See usage/guide-error-handling.md for detailed examples and runtime flow diagrams.

Fan-out (parallel execution)#

Dispatch work to multiple actors in parallel:

state["results"] = [
    analyzer_a(state["text"]),
    analyzer_b(state["text"]),
    analyzer_c(state["text"]),
]
state = await merge_results(state)

The compiler generates both a fan-out and a corresponding fan-in router to handle this. The fan-out router dispatches work to analyzer_a, analyzer_b, and analyzer_c in parallel. A hidden fan-in router then acts as an aggregator, collecting the results from all analyzers and placing them into state["results"]. Once all results are collected, the flow proceeds to the next step, await merge_results(state), which can then operate on the aggregated data.

What you cannot write in a flow#

See the full table in the What flows do NOT support section above.

Compilation#

What the compiler does#

Flow source (.py)
    │
    ▼
  Parser ──→ validates syntax, extracts operations
    │
    ▼
  CodeGen ──→ generates router Python code + resiliency policies and rules
    │
    ▼
  Analyzer ──→ extracts graph topology from generated code
    │
    ▼
  GraphGen ──→ renders DOT, Mermaid, JSON visualizations
    │
    ▼
  Templater ──→ stamps AsyncActor manifests (if .asya/ configured)
    │
    ▼
  routers.py + graph.json + flow.dot + manifests/

Compiler commands#

Compile: 

asya flow compile pipeline.py --output-dir compiled/ --plot --verbose

Validate only (no code generation): 

asya flow validate pipeline.py

Options: - --output-dir — where to write generated files - --plot — generate Graphviz DOT and PNG flow diagrams - --plot-width N — label width in diagrams (default: 50) - --max-iterations N — loop iteration guard (default: 100) - --overwrite — overwrite existing files - --verbose — detailed output

Generated files#

File Contents
routers.py Router functions + resolve() handler resolution
graph.json Graph topology (nodes, edges, groups)
flow.dot Graphviz diagram source (with --plot)
flow.mmd Mermaid flowchart (with --plot)
flow.png Rendered diagram (with --plot, requires graphviz)
manifests/ AsyncActor YAML manifests (if .asya/ configured)

Router naming#

Generated routers have predictable names tied to source line numbers:

Name pattern Purpose
start_{flow} Entry point
router_{flow}_line_{N}_if_{id} Conditional branch at line N
router_{flow}_line_{N}_seq_{id} Sequential mutations at line N
router_{flow}_line_{N}_while_{id} Loop control at line N
router_{flow}_line_{N}_except_{id} Error handler routing at line N
fanout_{flow}_line_{N} Fan-out dispatch
fanin_{flow}_line_{N} Fan-out aggregator

Deployment#

1. Write the flow#

# sentiment_pipeline.py
async def sentiment_pipeline(state: dict) -> dict:
    state = await preprocess(state)
    state = await analyze_sentiment(state)

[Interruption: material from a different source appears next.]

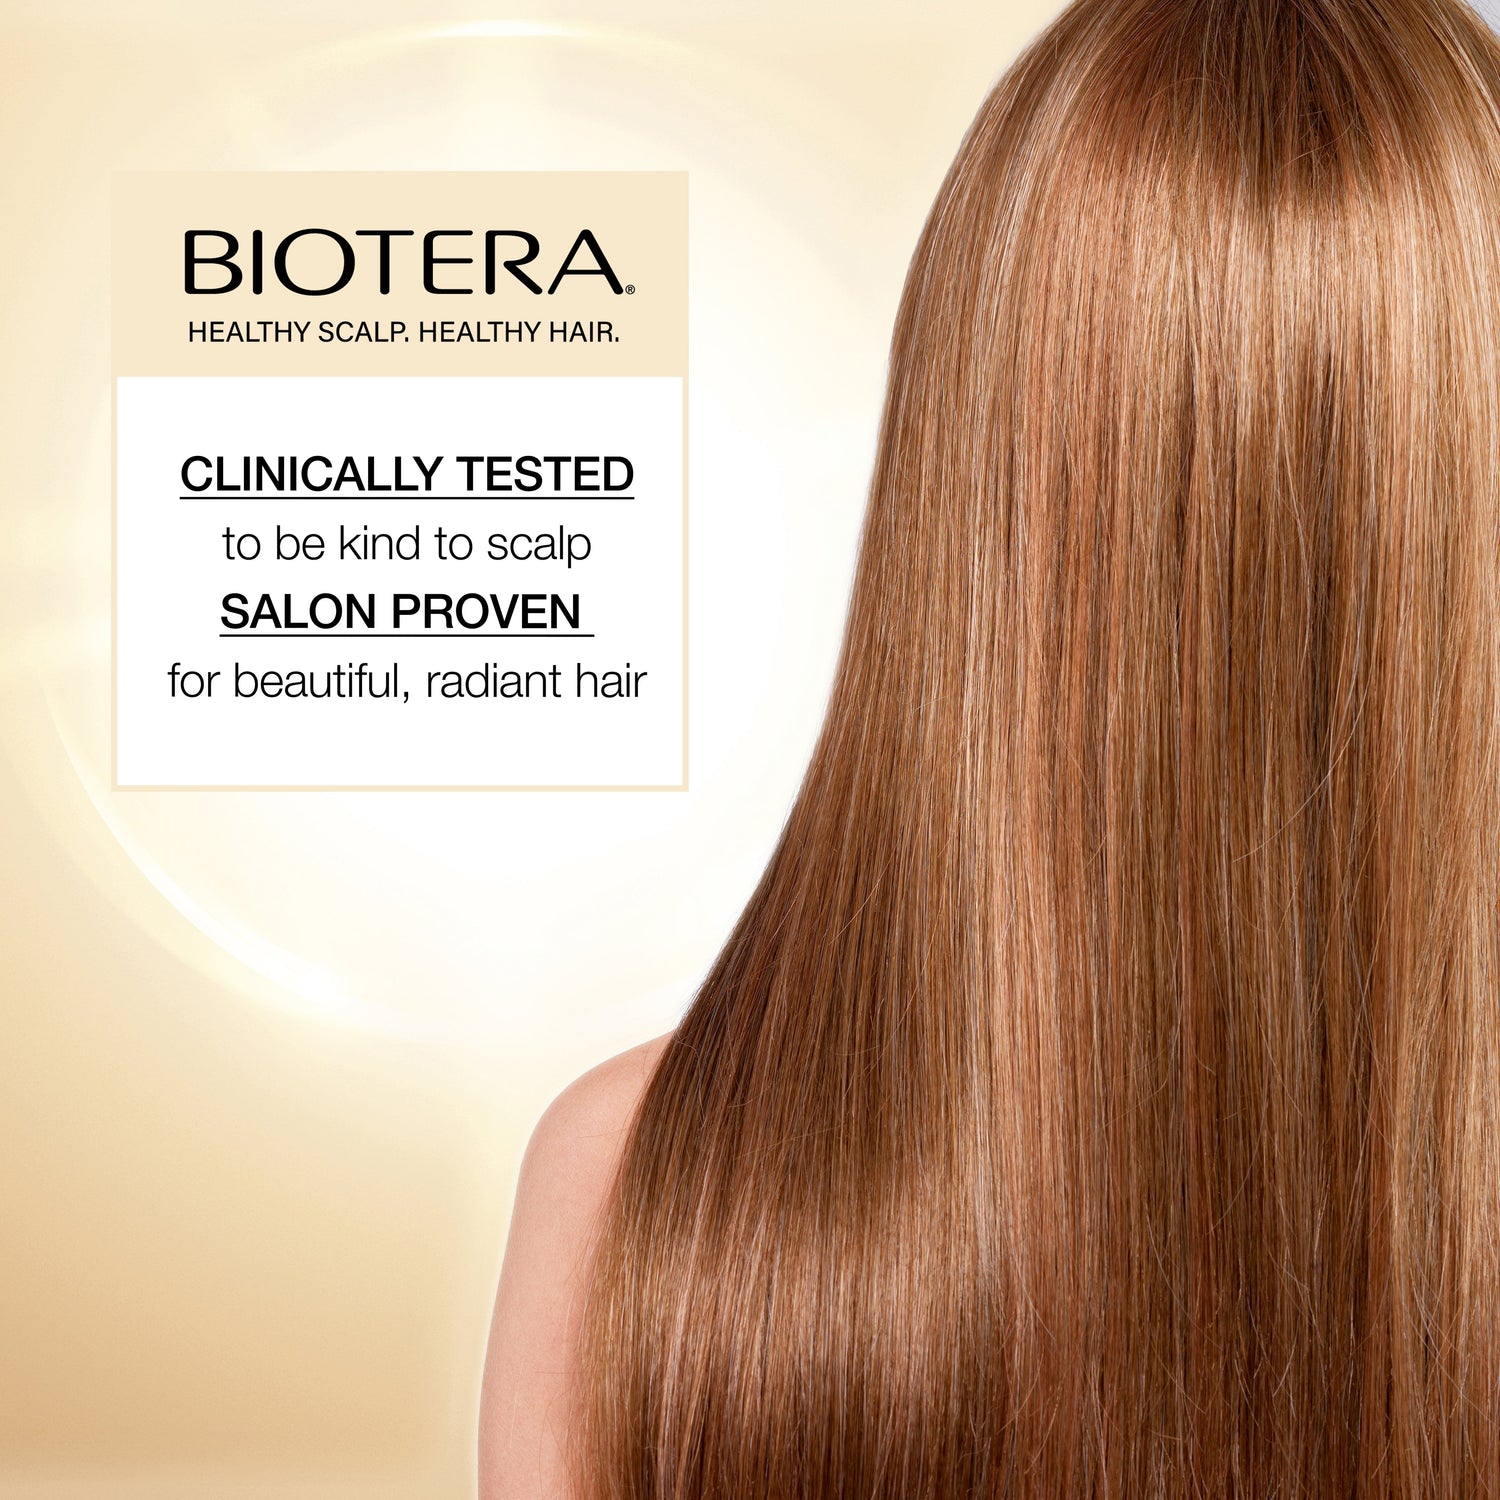 Biotera is clinically tested and salon proven for beautiful radiant hair.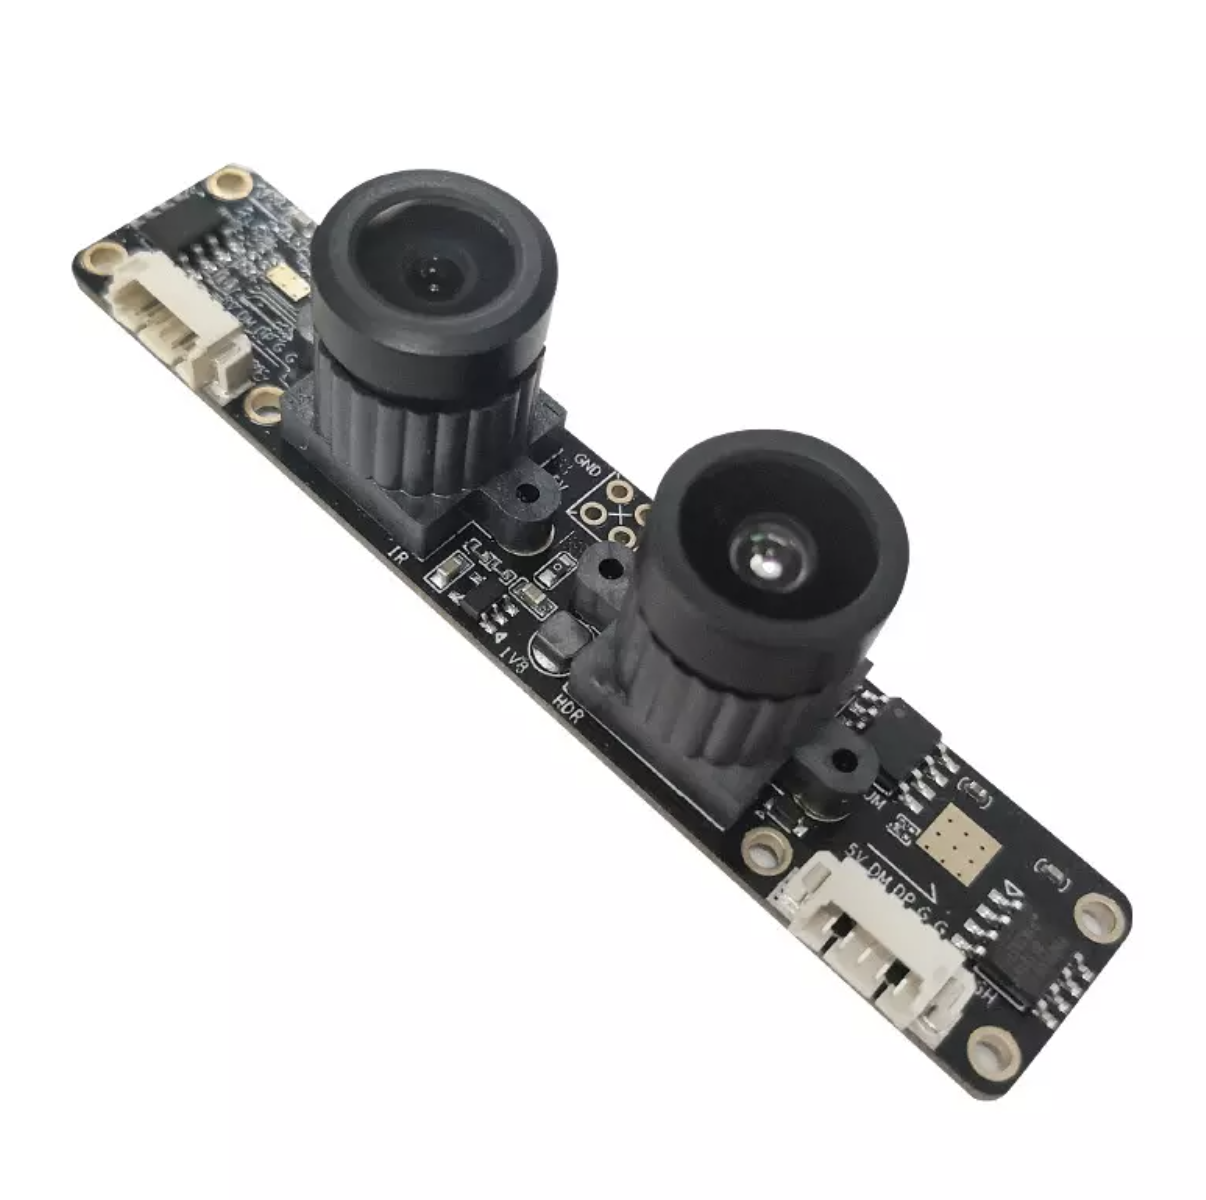 Chinese Professional Pcb Assembly -  2MP HD 1080P Face Recognition AR0230 F22 Binocular HDR IR USB2.0 Wide Angle camera module – Ronghua

    if state["sentiment"]["score"] < 0.3:
        state = await flag_for_review(state)

    state = await store_result(state)
    return state

2. Compile#

asya flow compile sentiment_pipeline.py -o compiled/

3. Deploy router actors#

Each generated router is deployed as an AsyncActor. Router actors need the ASYA_HANDLER_* environment variables to resolve handler names to actor names:

apiVersion: asya.dev/v1alpha1
kind: AsyncActor
metadata:
  name: start-sentiment-pipeline
spec:
  image: my-routers:latest
  handler: compiled.routers.start_sentiment_pipeline
  env:
    - name: ASYA_HANDLER_PREPROCESS
      value: "handlers.preprocess"
    - name: ASYA_HANDLER_ANALYZE_SENTIMENT
      value: "handlers.analyze_sentiment"
    - name: ASYA_HANDLER_FLAG_FOR_REVIEW
      value: "handlers.flag_for_review"
    - name: ASYA_HANDLER_STORE_RESULT
      value: "handlers.store_result"

4. Deploy handler actors#

Each handler is its own AsyncActor with its own image, scaling, and resources:

apiVersion: asya.dev/v1alpha1
kind: AsyncActor
metadata:
  name: analyze-sentiment
spec:
  image: sentiment-model:latest
  handler: handlers.analyze_sentiment
  scaling:
    minReplicaCount: 0
    maxReplicaCount: 10
  resources:
    requests:
      nvidia.com/gpu: 1

5. Send a message#

The entry point is the start router's queue. Messages entering start-sentiment-pipeline flow through the entire pipeline automatically.

Handler resolution#

At runtime, the resolve() function in routers.py maps handler names from the flow source to actor names using environment variables:

Environment variable             Handler name              Actor name
────────────────────────────────  ────────────────────────  ──────────────────
ASYA_HANDLER_ANALYZE_SENTIMENT   handlers.analyze_sentiment  analyze-sentiment

The mapping is flexible — any unambiguous suffix of the handler name works:

resolve("analyze_sentiment")                    # shortest suffix
resolve("handlers.analyze_sentiment")           # full path

Stage 1: Parser (AST → IR)#

Source: src/asya-lab/asya_lab/flow/parser.py

The parser walks the flow function's AST and produces a flat list of IR operations. It handles flow function discovery, parameter normalization, and statement classification.

Flow function discovery#

The parser scans top-level function definitions for one matching the flow signature: a function with a single dict-typed parameter and dict return type.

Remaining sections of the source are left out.